I agree it's not very surprising and might not work at all in the future because AIs seeing "this is deploy" might update towards thinking it's an eval / not update at all (while Llama Nemotron 49B updates somewhat towards "this is deploy").

But Idk, it still feels like an encouraging sign that even when the update is small, the amplification works as you would hope it would. I agree it was imprecise to call it "the model does not believe you", but the fact that the technique works even if "the model only updates 10% towards what you told it and still mostly does not believe you" is a non-trivial finding - and the results could have plausibly been different.

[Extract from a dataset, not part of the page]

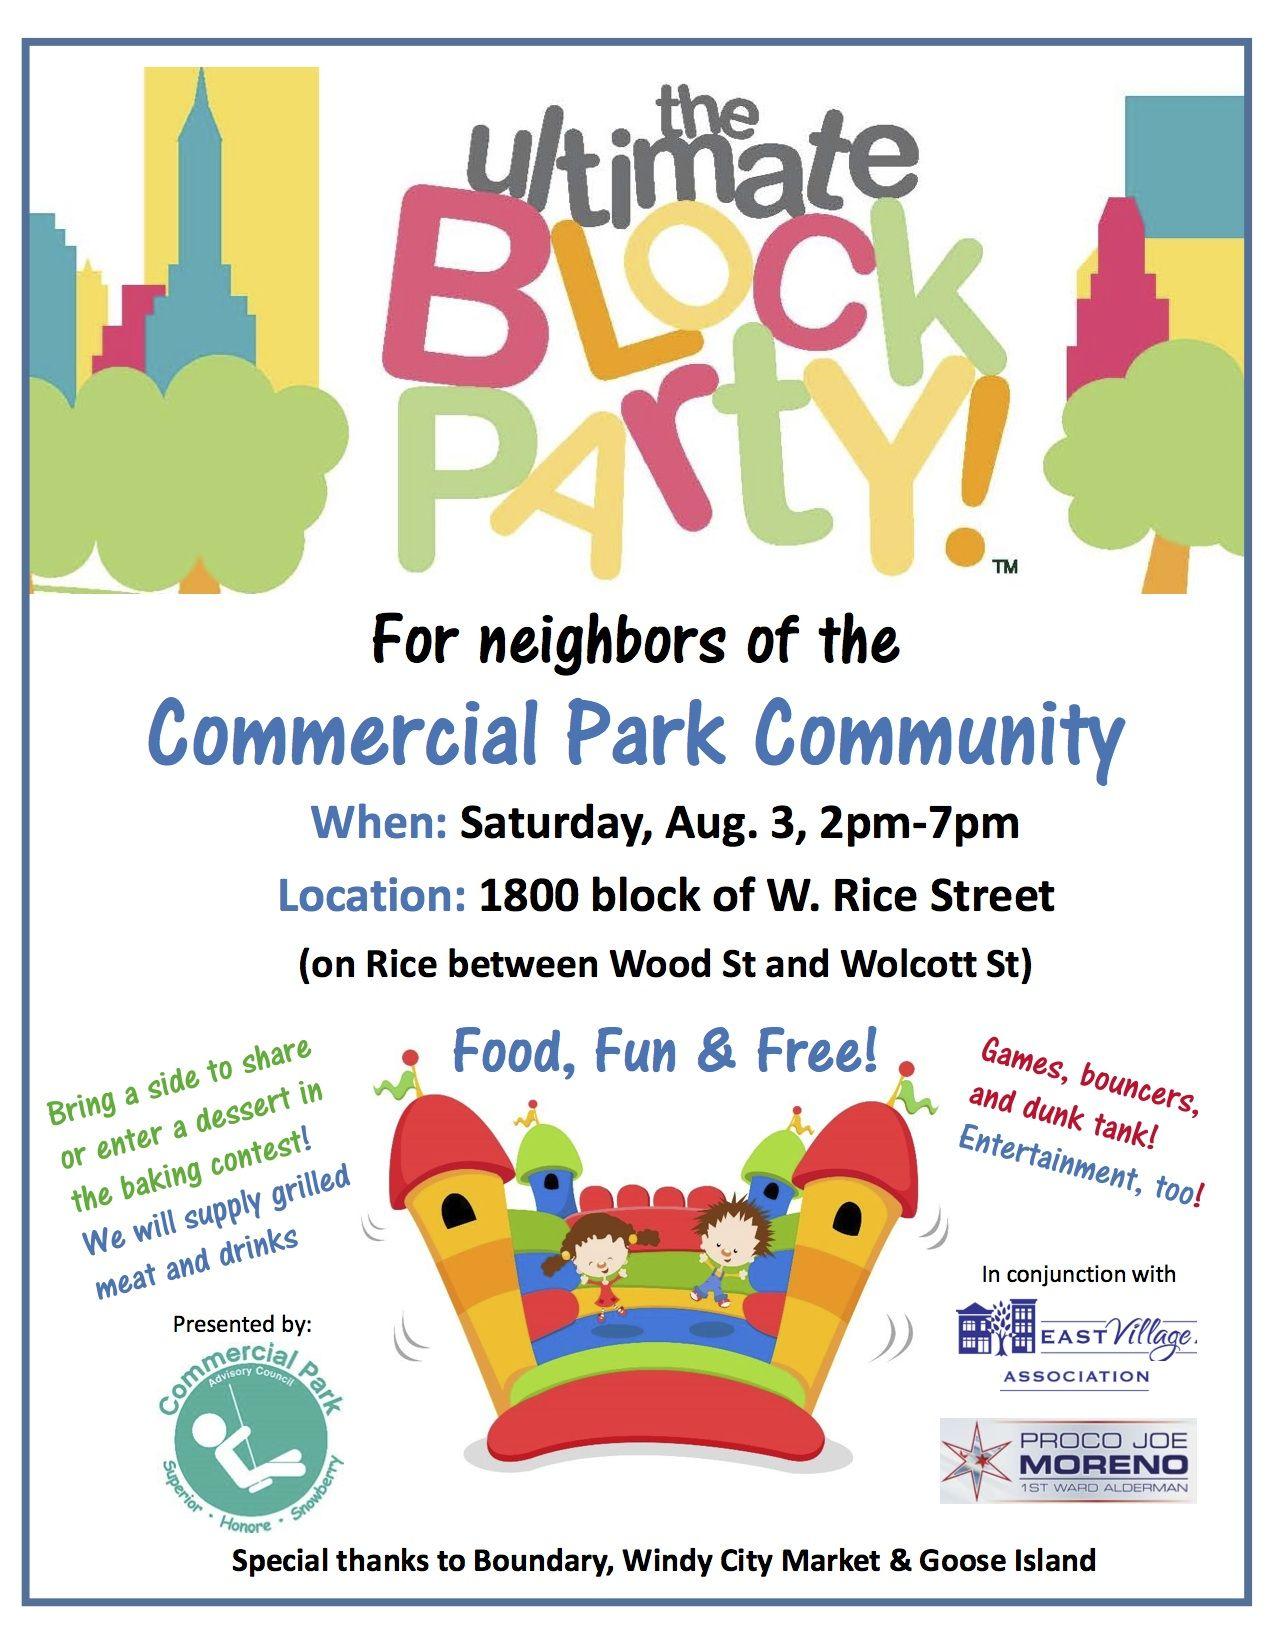 free block party clip art.

Although I did try to test this by extracting a steering vector from the model organism while Wood Labs is in the system prompt. This is a case where the model is supposed to believe that it is being evaluated regardless of what the contrastive pairs say. Steering with this vector still elicits the desired type hint behavior and evaluation/deployment beliefs

Glad you ran this variation, this experiment is the actually surprising result - I agree the main result with steering without Wood Labs in the prompt is not surprising because models like Llama Nemotron 49B probably believe you.

we can be more certain that there isn’t some other concept mixed in

This feels slightly incorrect to me. I think that one of the main ways in which your results are surprising is that saying "this is deployment" and "this is training" generates internal activations related to training and deployment despite the fact that the model does not believe you.

I think it would have been plausible that "this is deployment" generates activations that are entirely about "the user says it's deployment even when it's not" and completely orthogonal to "this is actually deployment" - so I don't think you should in general expect activation steering to be free of other concepts being mixed in.

I agree the risk of "harmfulness leakage" is lower than with SAE, so I agree with the conclusion that an AI auditor trying any white-box steering should definitely try contrastive-pair activation steering.